Residual standard error: 1.241 on 792 degrees of freedom
Multiple R-squared:  0.02583,   Adjusted R-squared:  0.0246 
F-statistic:    21 on 1 and 792 DF,  p-value: 5.345e-06

Suppose researchers are interested in testing the following hypothesis test: \(H_0: \beta_1 = 0, H_1: \beta_1 < 0\). We can compute this p-value from the frequentist model.

pvalue <- pt(coef(res)[, 3], mod$df, lower = TRUE)[2]

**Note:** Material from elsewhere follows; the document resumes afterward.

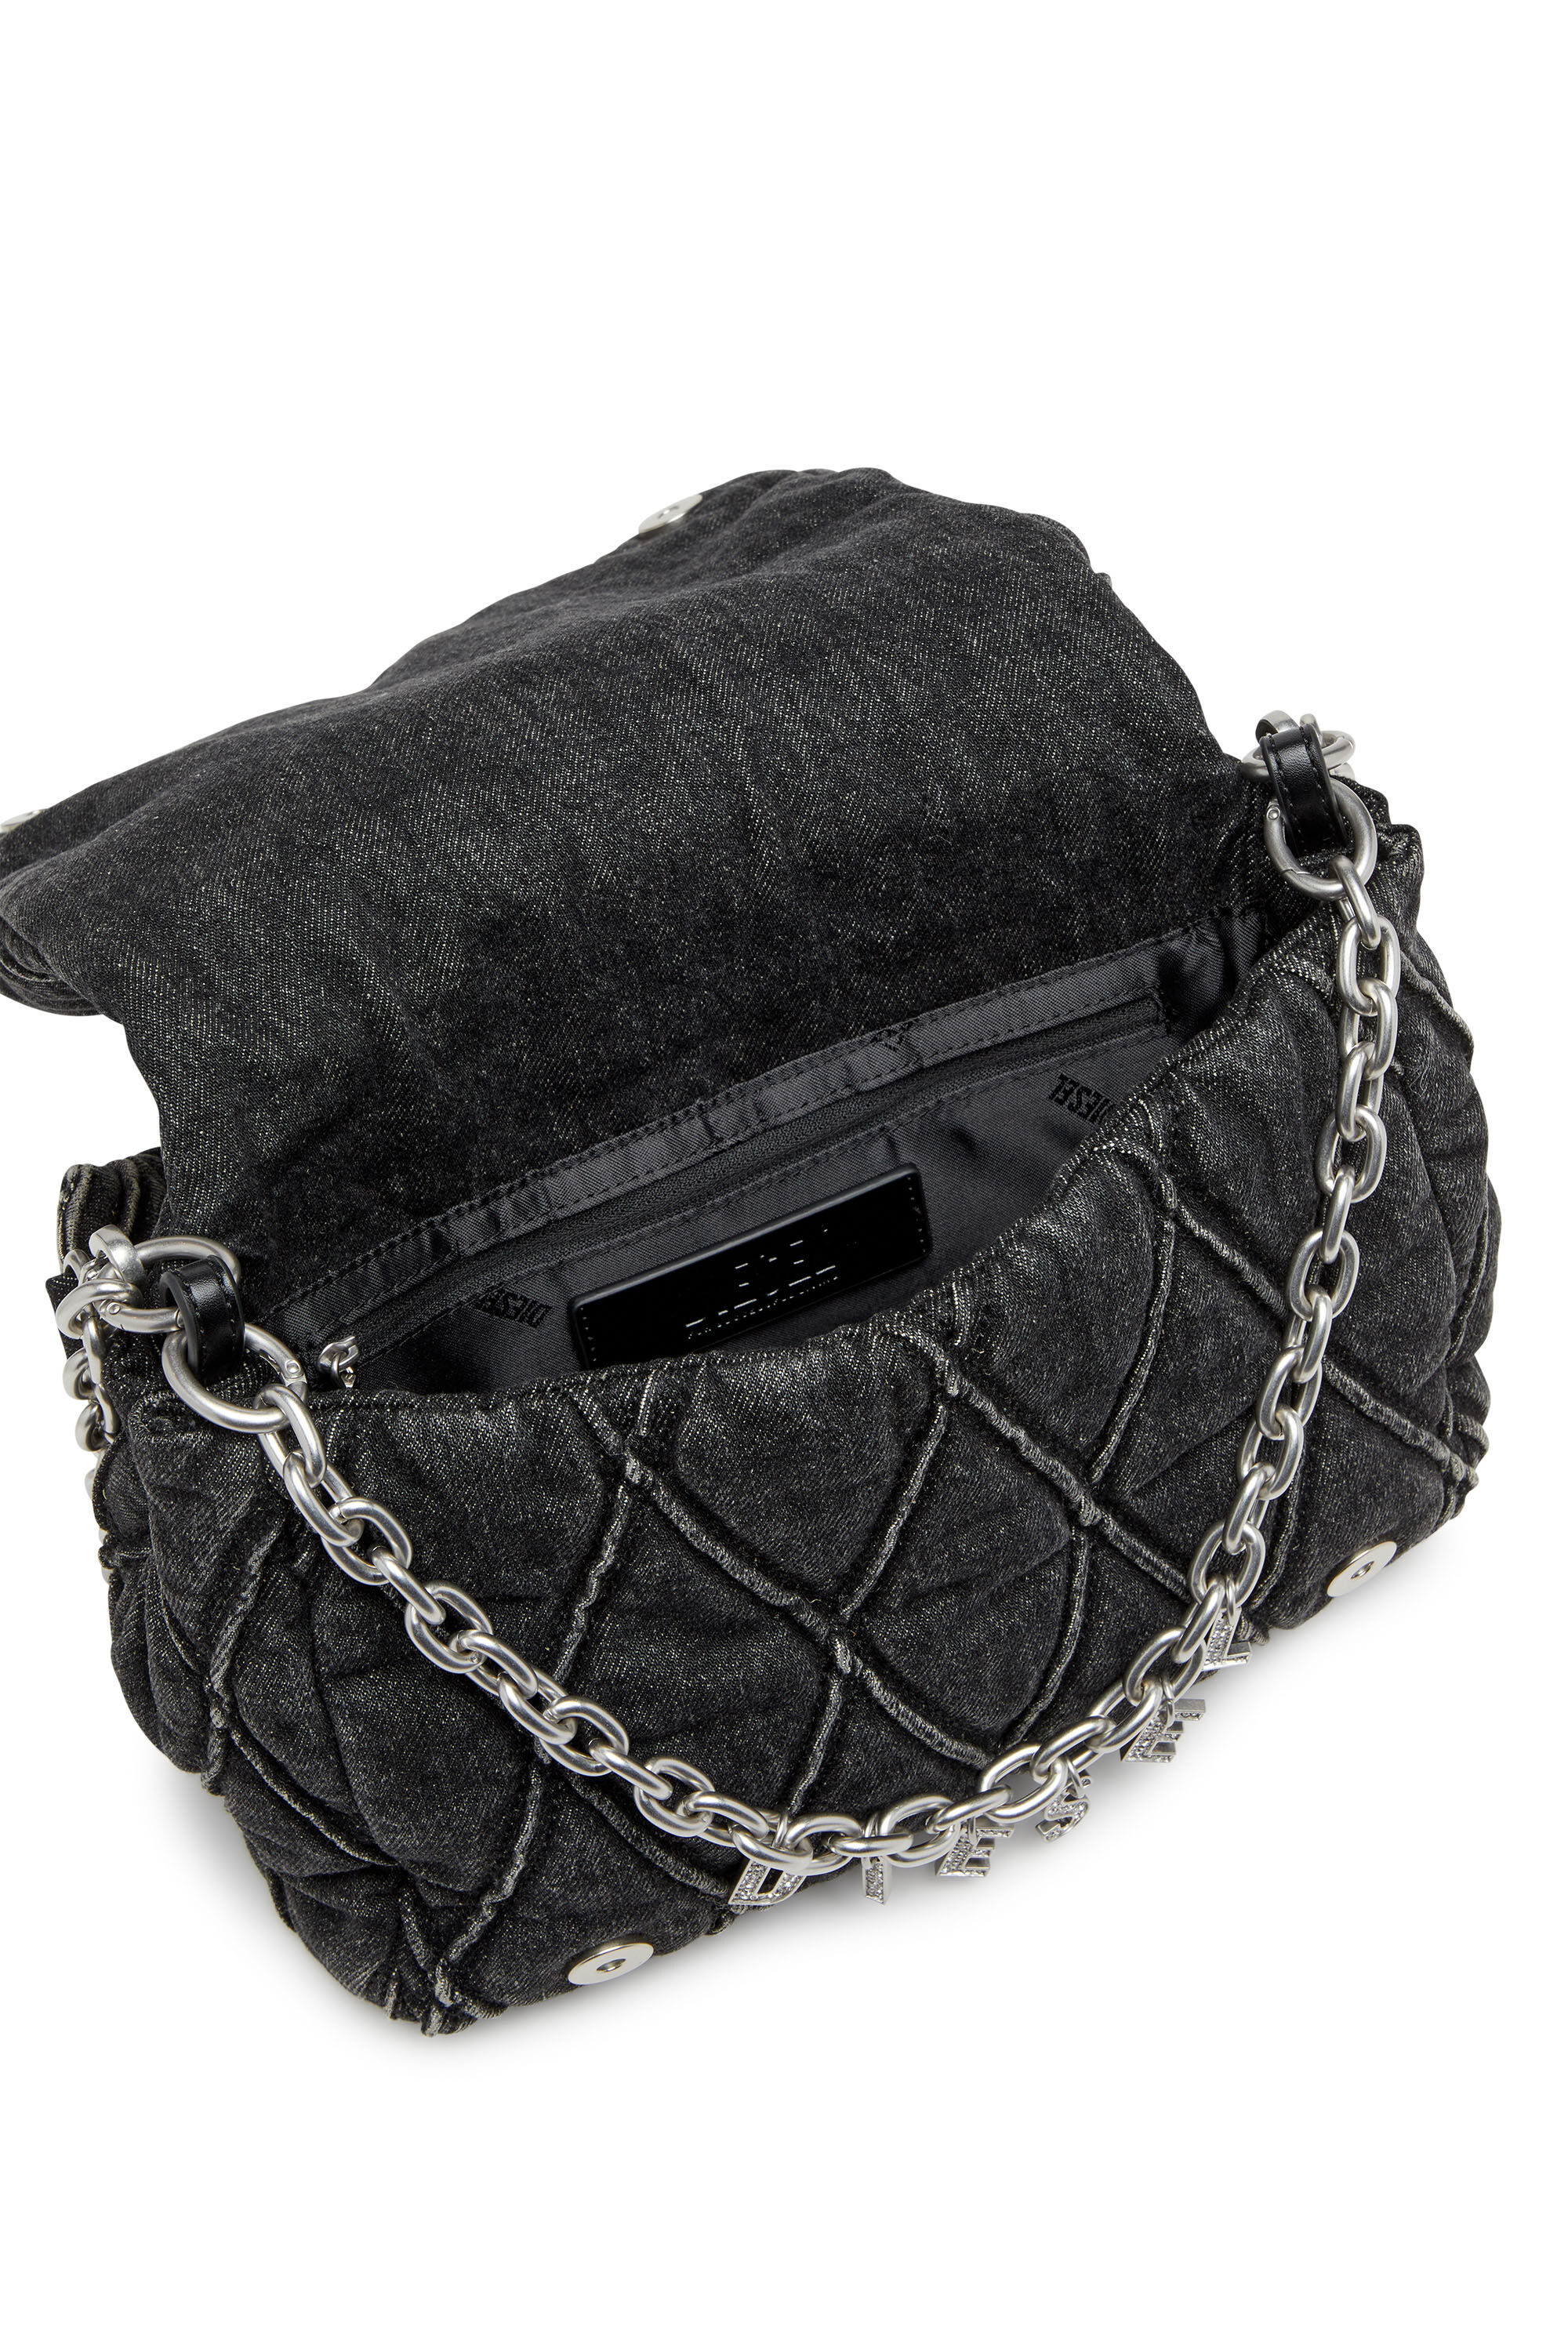 Chanel, Inc. Chanel 22 small handbag, Shiny calfskin & gold-tone

The resulting p-value is <0.001. Compute the Bayesian p-value that corresponds to the same hypothesis test, \(P(\beta_1 < 0 | \mathbf{Y})\). Interpret both p-values at a Type-I error rate of 0.05 and compare and contrast their interpretations in the context of the association between smoking and low birth weight.

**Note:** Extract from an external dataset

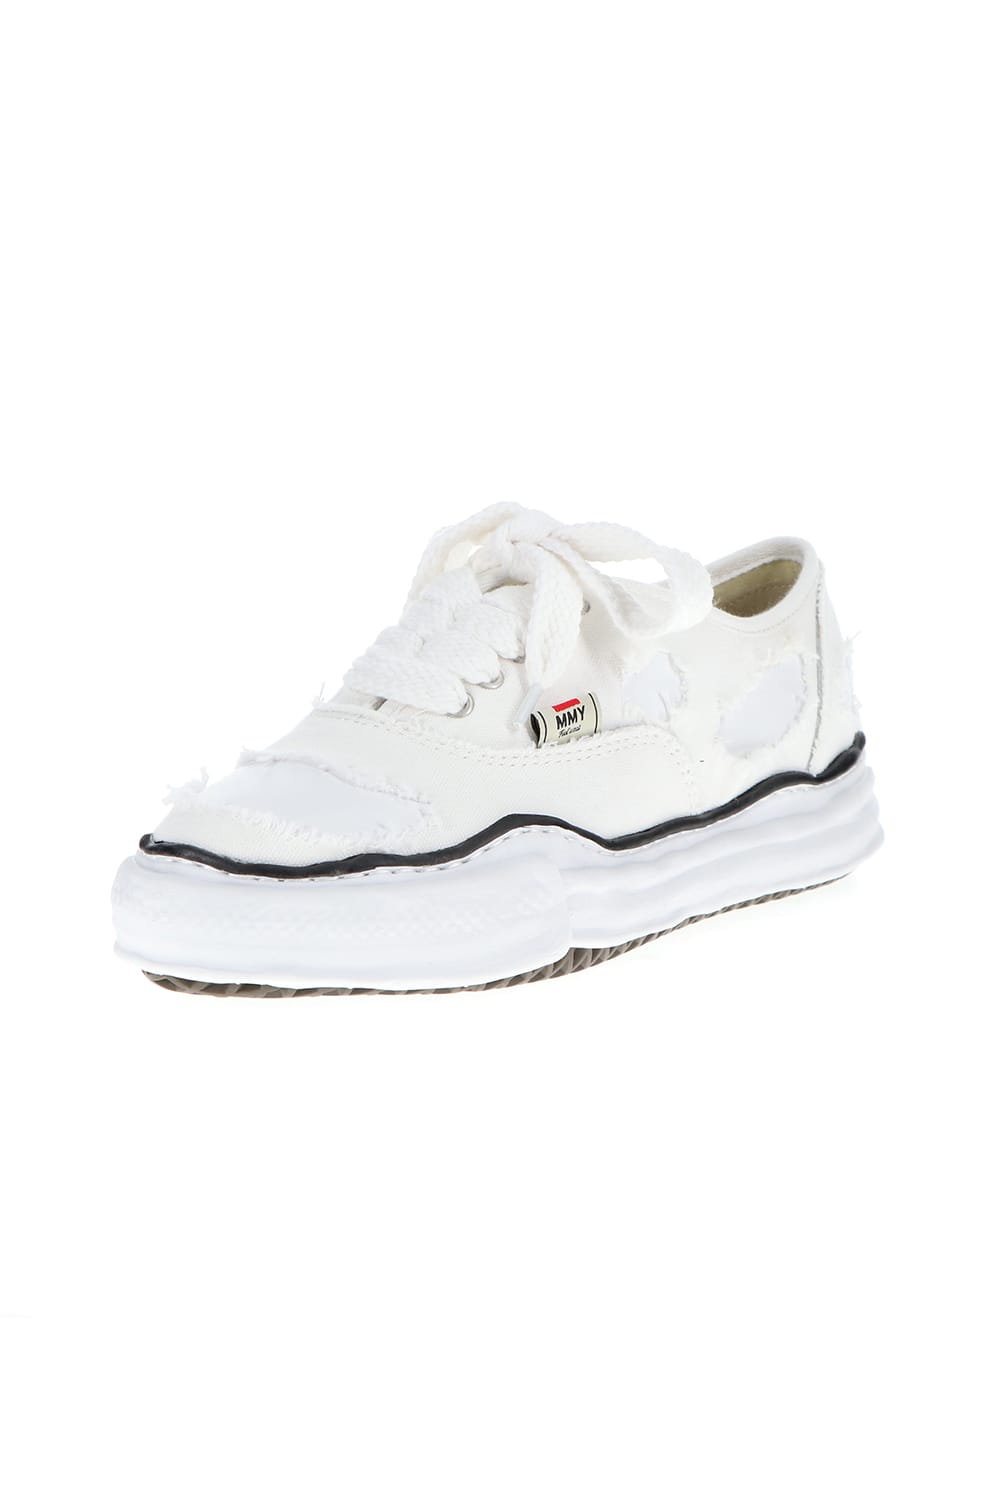 -BAKER- Original sole broken canvas Low-Top sneakers White

You’re done and ready to submit your work! render, commit, and push all remaining changes. You can use the commit message “Done with Homework 1!”, and make sure you have pushed all the files to GitHub (your Git pane in RStudio should be empty) and that all documents are updated in your repo on GitHub. The PDF document you submit to Gradescope should be identical to the one in your GitHub repo.

Submission

You will submit the PDF documents for homeworks, and exams in to Gradescope as part of your final submission.

Warning

Before you wrap up the assignment, make sure all documents are updated on your GitHub repo. We will be checking these to make sure you have been practicing how to commit and push changes.

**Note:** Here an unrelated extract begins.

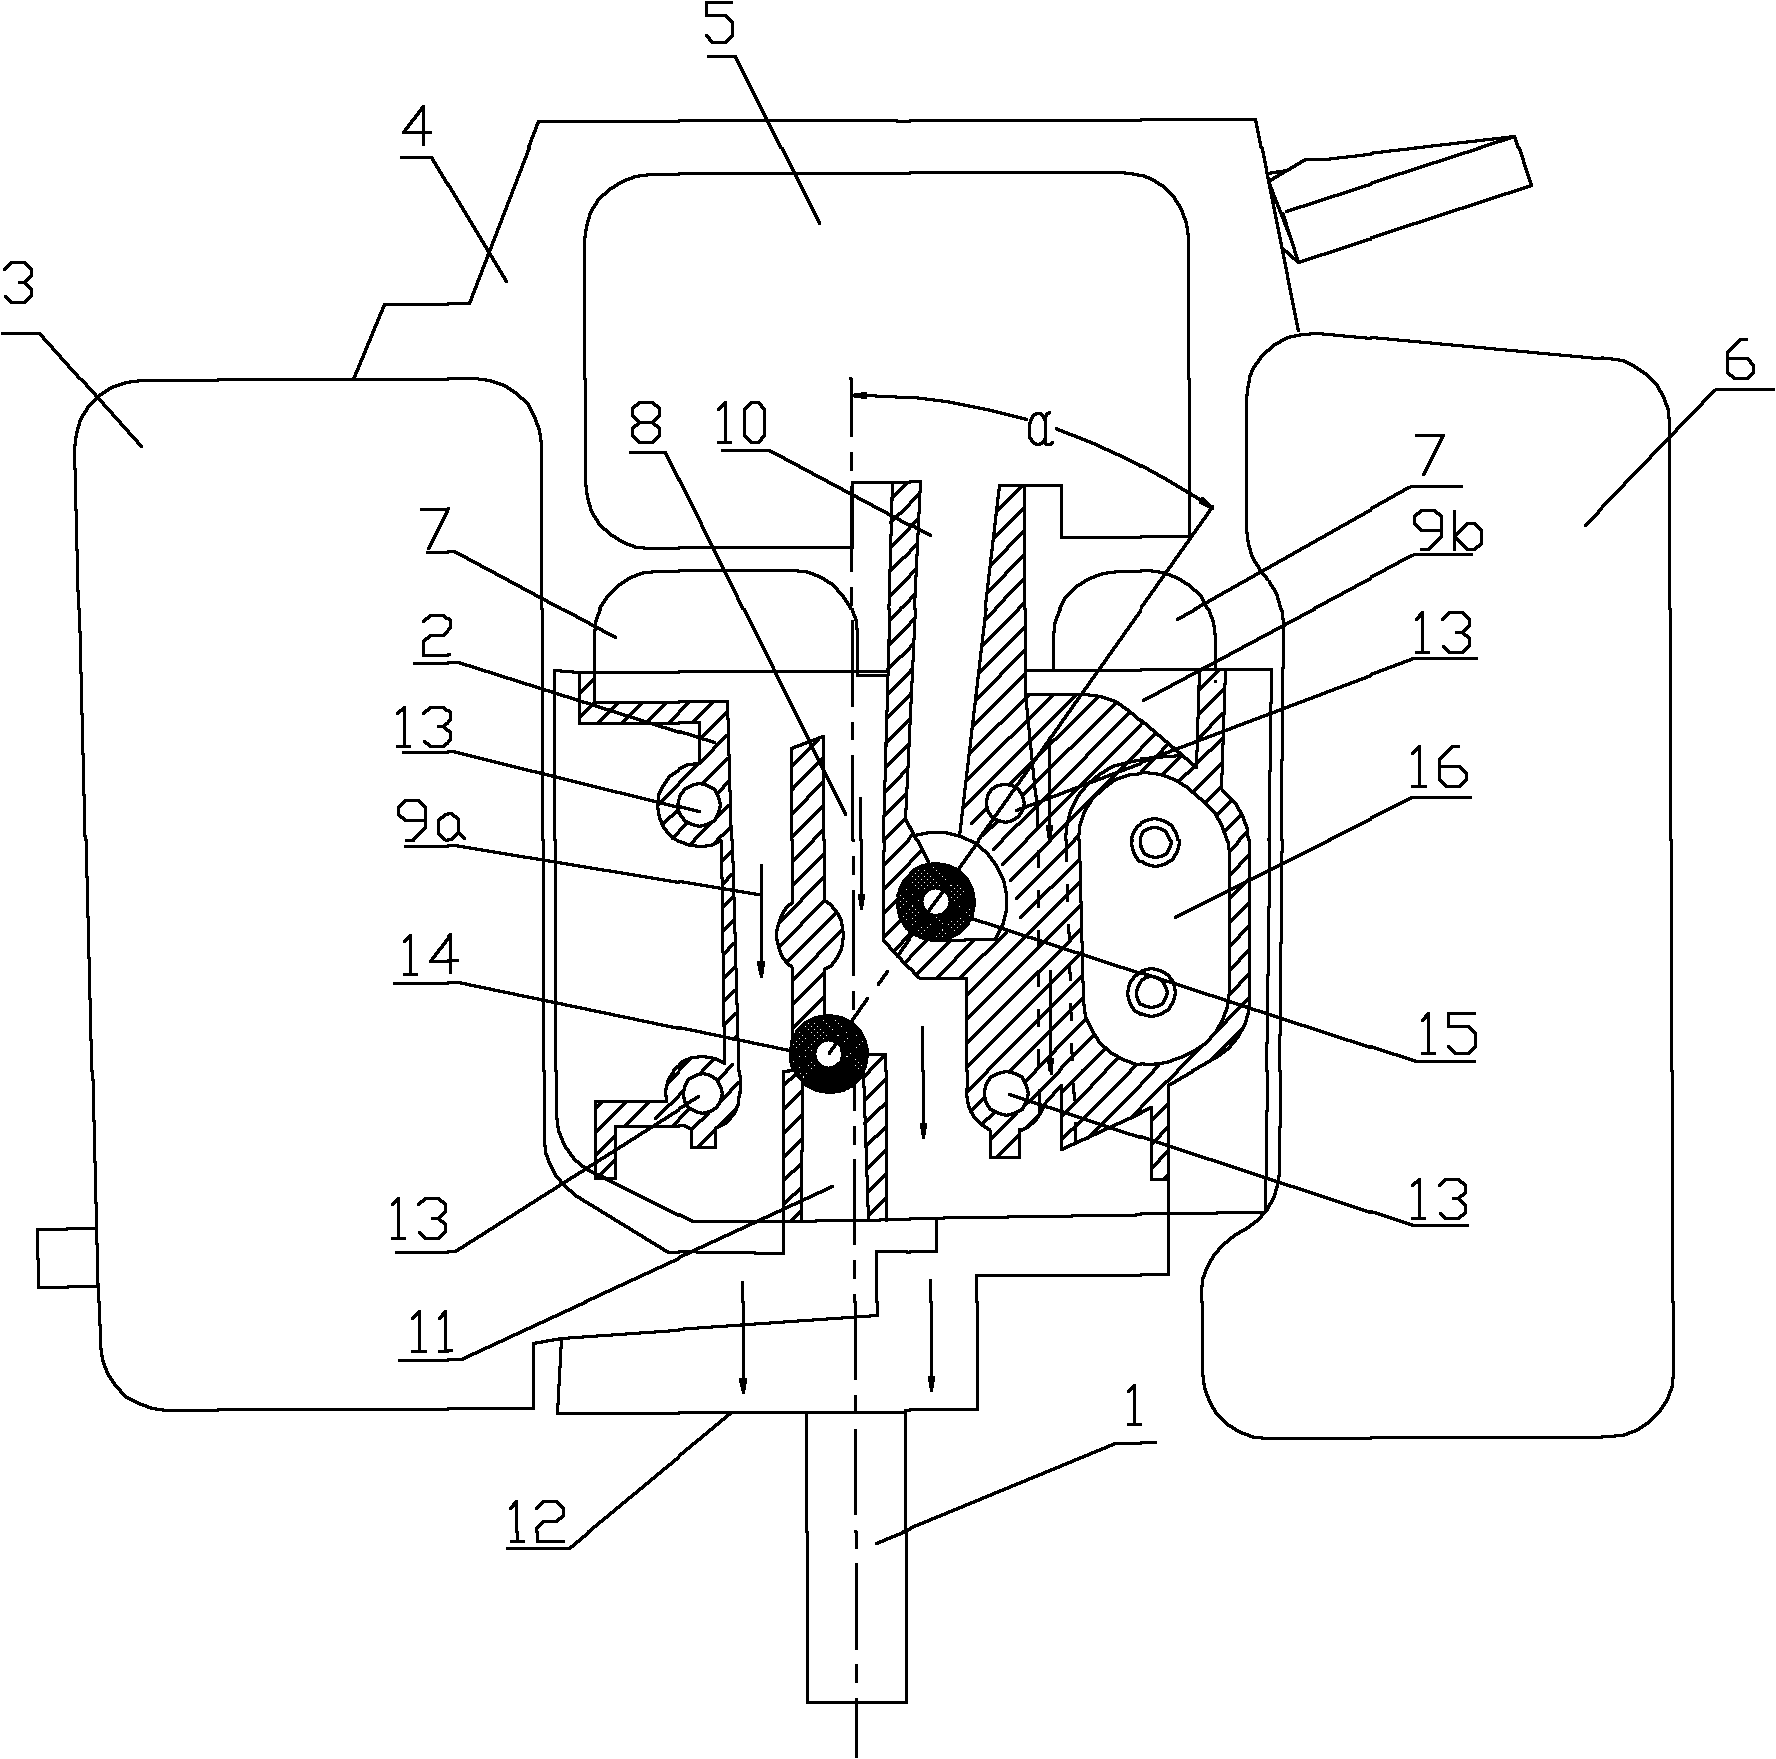 Valve arrangement structure for cylinder head of air-cooled diesel engine

Remember – you must turn in a PDF file to the Gradescope page before the submission deadline for full credit.

To submit your assignment:

Access Gradescope through the menu on the BIOSTAT 725 Canvas site.
Click on the assignment, and you’ll be prompted to submit it.
Mark the pages associated with each exercise. All of the pages of your homework should be associated with at least one question (i.e., should be “checked”).
Select the first page of your .PDF submission to be associated with the “Workflow & formatting” section.

Grading

Component	Points
Ex 1	3
Ex 2	3
Ex 3	3
Ex 4	5
Ex 5	7
Ex 6	4
Ex 7	7
Ex 8	8
Ex 9	3
Ex 10	3
Workflow & formatting	4
Total	50

The “Workflow & formatting” grade is to assess the reproducible workflow and document format. This includes having at least 3 informative commit messages, a neatly organized document with readable code and your name and the date updated in the YAML.